- Genre: Documentary
- Based on: How to Change Your Mind by Michael Pollan
- Directed by: Lucy Walker; Alison Ellwood;
- Presented by: Michael Pollan
- Composer: Justin Melland
- Country of origin: United States;
- Original language: English
- No. of episodes: 4

Production
- Executive producers: Alex Gibney; Michael Pollan; Lucy Walker; Stacey Offman; Richard Perello;
- Producers: Alison Ellwood; Tahria Sheather;
- Cinematography: Pablo Berron
- Running time: 51–55 minutes
- Production companies: Jigsaw Productions; Tree Tree Tree;

Original release
- Network: Netflix
- Release: July 12, 2022

= How to Change Your Mind (miniseries) =

2022 Netflix docuseries

How to Change Your Mind is a 2022 American docuseries based on the book of the same name by Michael Pollan. It consists of four episodes, which were released on July 12, 2022, on Netflix and give insights into the psychedelic drugs LSD, psilocybin, MDMA and mescaline as well as their uses in psychedelic therapy. The series has been dubbed into Spanish, Hindi, Portuguese, French, Russian, German, Italian, Polish, Czech, and Hungarian.

==Background==
Michael Pollan published his book How to Change Your Mind in 2018. He serves as a presenter and guide throughout the miniseries.

On June 16, 2022, Netflix first published a trailer for the series and announced that Lucy Walker and Alison Ellwood would be directing, while Alex Gibney would serve as executive producer. Gibney expressed his pleasure working on the project, adding "It’s so important—a revelation about how some hallucinogens, once vilified, can lead to mindfulness. New science shows that these drugs can save lives and change our minds, helping us to live better lives."
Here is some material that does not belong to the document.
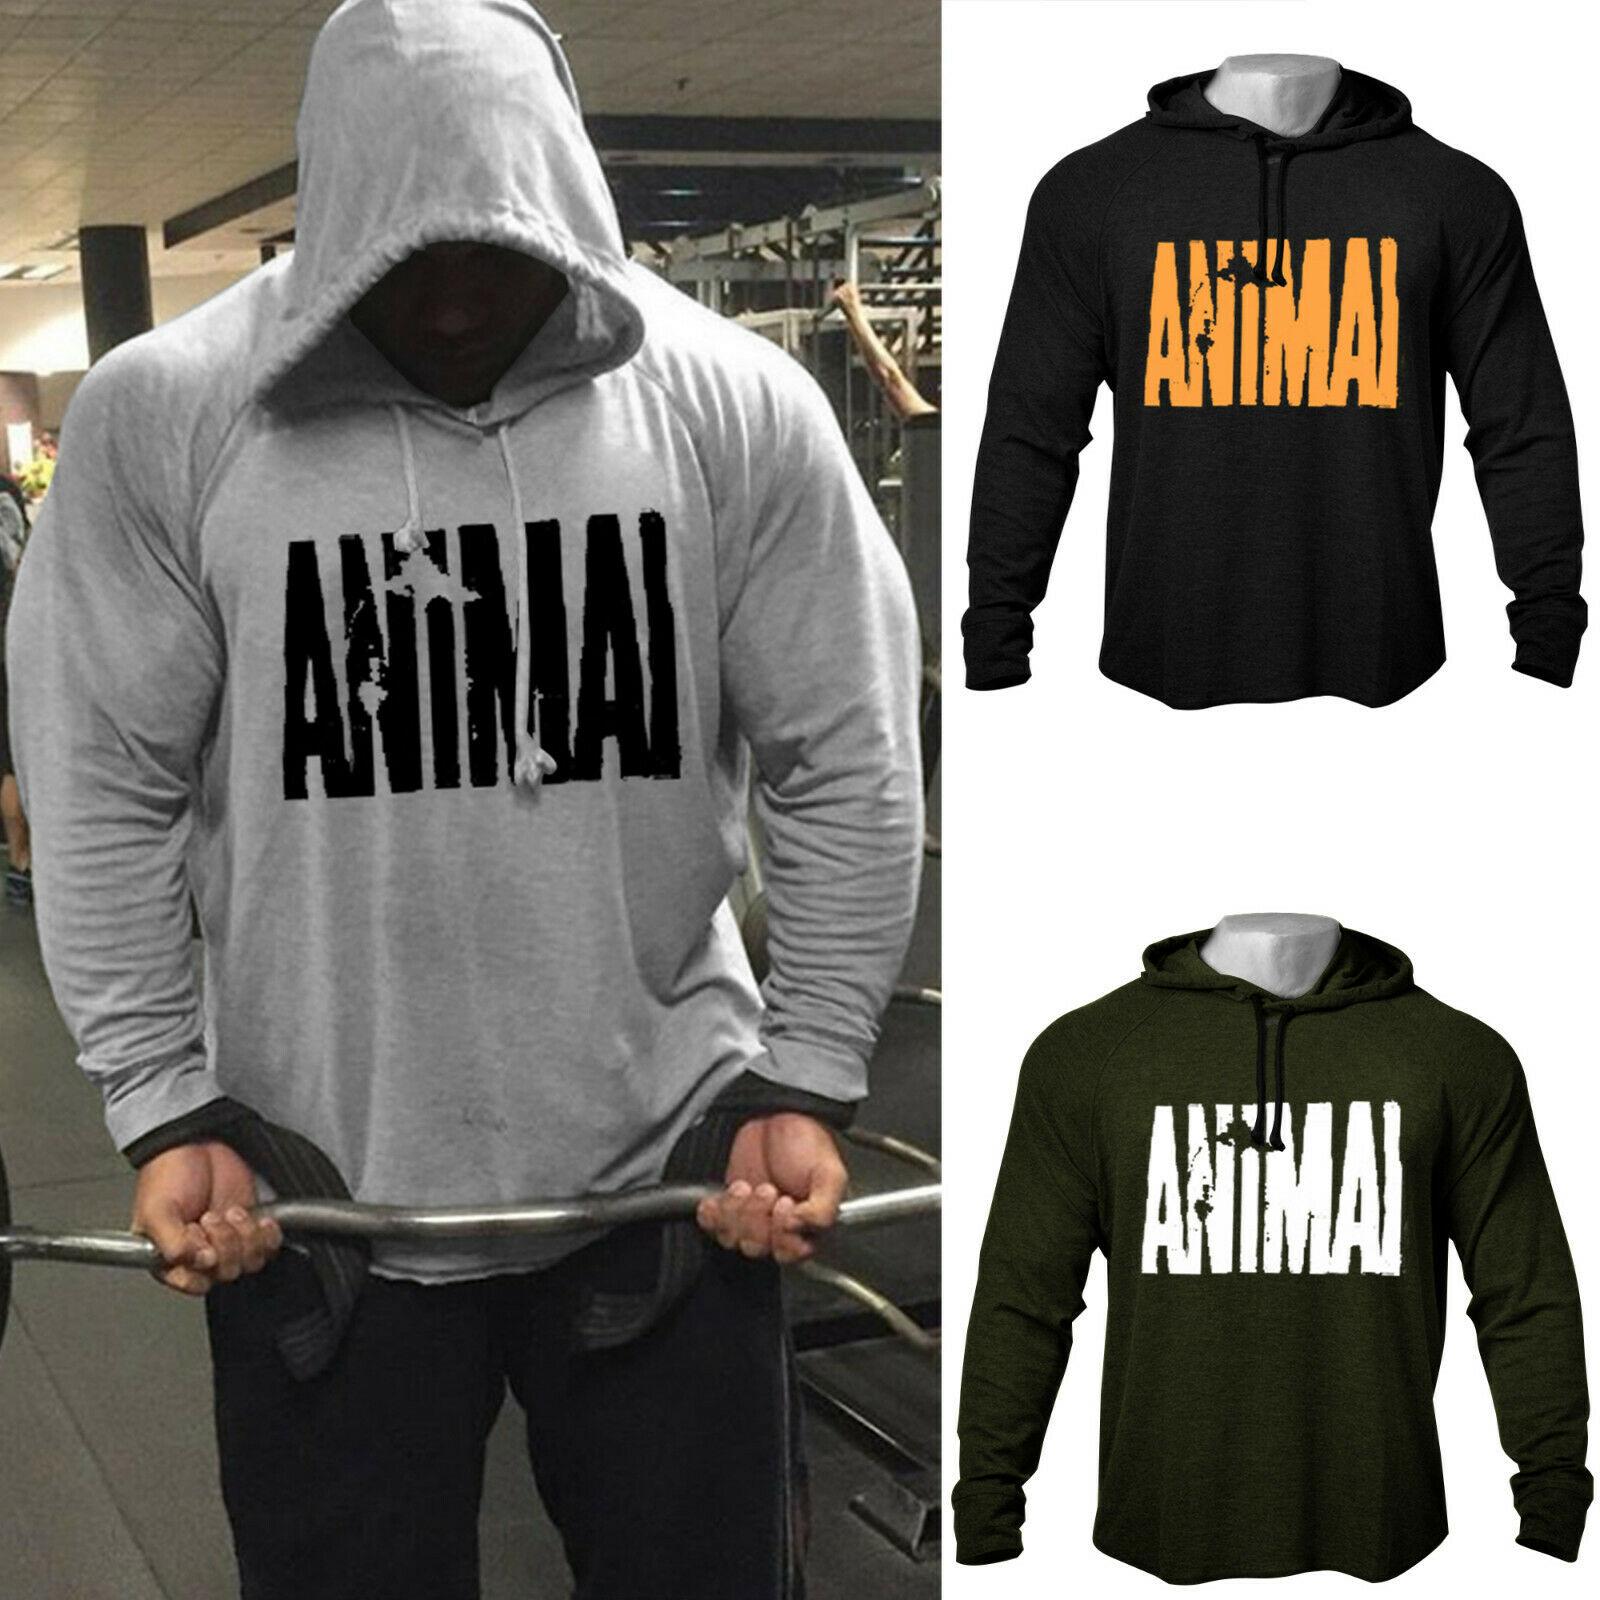 "Men's GYM Workout Print ""ANIMAL"" Bodybuilding Cotton Raglan Hoodies Sweatshirts Raw-Cut&Hem-Cut Hoodies Tracksuit Top"

According to director Alison Ellwood, the series tries to omit "psychedelic visual tropes—wild colors, rainbow streaks, morphing images" to make it relatable to people who have not had psychedelic experiences.

==Episodes==

| No. | Title | Directed by | Original release date |
| 1 | "LSD" | Lucy Walker | July 12, 2022 |
The series' premiere episode about lysergic acid diethylamide (LSD) focuses on topics like the first synthesis of the drug in 1938, Bicycle Day, the Harvard Psilocybin Project, Project MKUltra, Acid Tests, as well as psychedelic microdosing and psychedelic therapy. It features interviews with Albert Hofmann, Humphry Osmond, Timothy Leary, James Fadiman, Richard Alpert and Ken Kesey, among others.
| 2 | "Psilocybin" | Lucy Walker & Alison Ellwood | July 12, 2022 |
Topics touched on in the episode on psilocybin and psilocybin mushrooms include psilocybin therapy, curanderos, the Seeking the Magic Mushroom article, the Spring Grove Experiment, scholarly approaches to mysticism, as well as the legal status of psilocybin mushrooms and ego death. Interviewees include María Sabina, R. Gordon Wasson, Albert Hofmann, Timothy Leary, William Richards, Paul Stamets and Roland Griffiths.
| 3 | "MDMA" | Alison Ellwood & Lucy Walker | July 12, 2022 |
3,4-Methylenedioxymethamphetamine (MDMA) or "ecstasy" is the drug of focus for this episode, with a particular emphasis being placed on themes such as MDMA-assisted psychotherapy (including psychedelic treatments for trauma-related disorders), the Multidisciplinary Association for Psychedelic Studies, as well as raves and the Second Summer of Love. Some of the prominent figures being interviewed in this episode are Ann and Alexander Shulgin, Ben Sessa and Rick Doblin.
| 4 | "Mescaline" | Alison Ellwood & Lucy Walker | July 12, 2022 |
The final episode about mescaline gives insights into peyote and the peyote ceremony as administered by indigenous Americans, such as adherents of the Native American Church, as well as into the "Decriminalize Nature" movement. It mentions Echinopsis pachanoi, and the Eleusinian Mysteries. Some of the interviewees are Alfred Leo Smith, Aldous Huxley, Humphry Osmond and Timothy Leary.

==Reception==
===Critical response===
On Rotten Tomatoes, the miniseries holds an approval rating of 100% based on 9 reviews, with an average rating of 7.40/10. Stuart Heritage of The Guardian called the miniseries "hugely eloquent and convincing". Natalia Winkelman of The Boston Globe criticized the series for being too one-sided and failing to adequately address adverse effects of psychedelics. San Francisco Chronicle critic Bob Strauss found the series "not comprehensive, but packed with interesting tidbits" and says it provided "multiple worthy views that can be mind-blowing."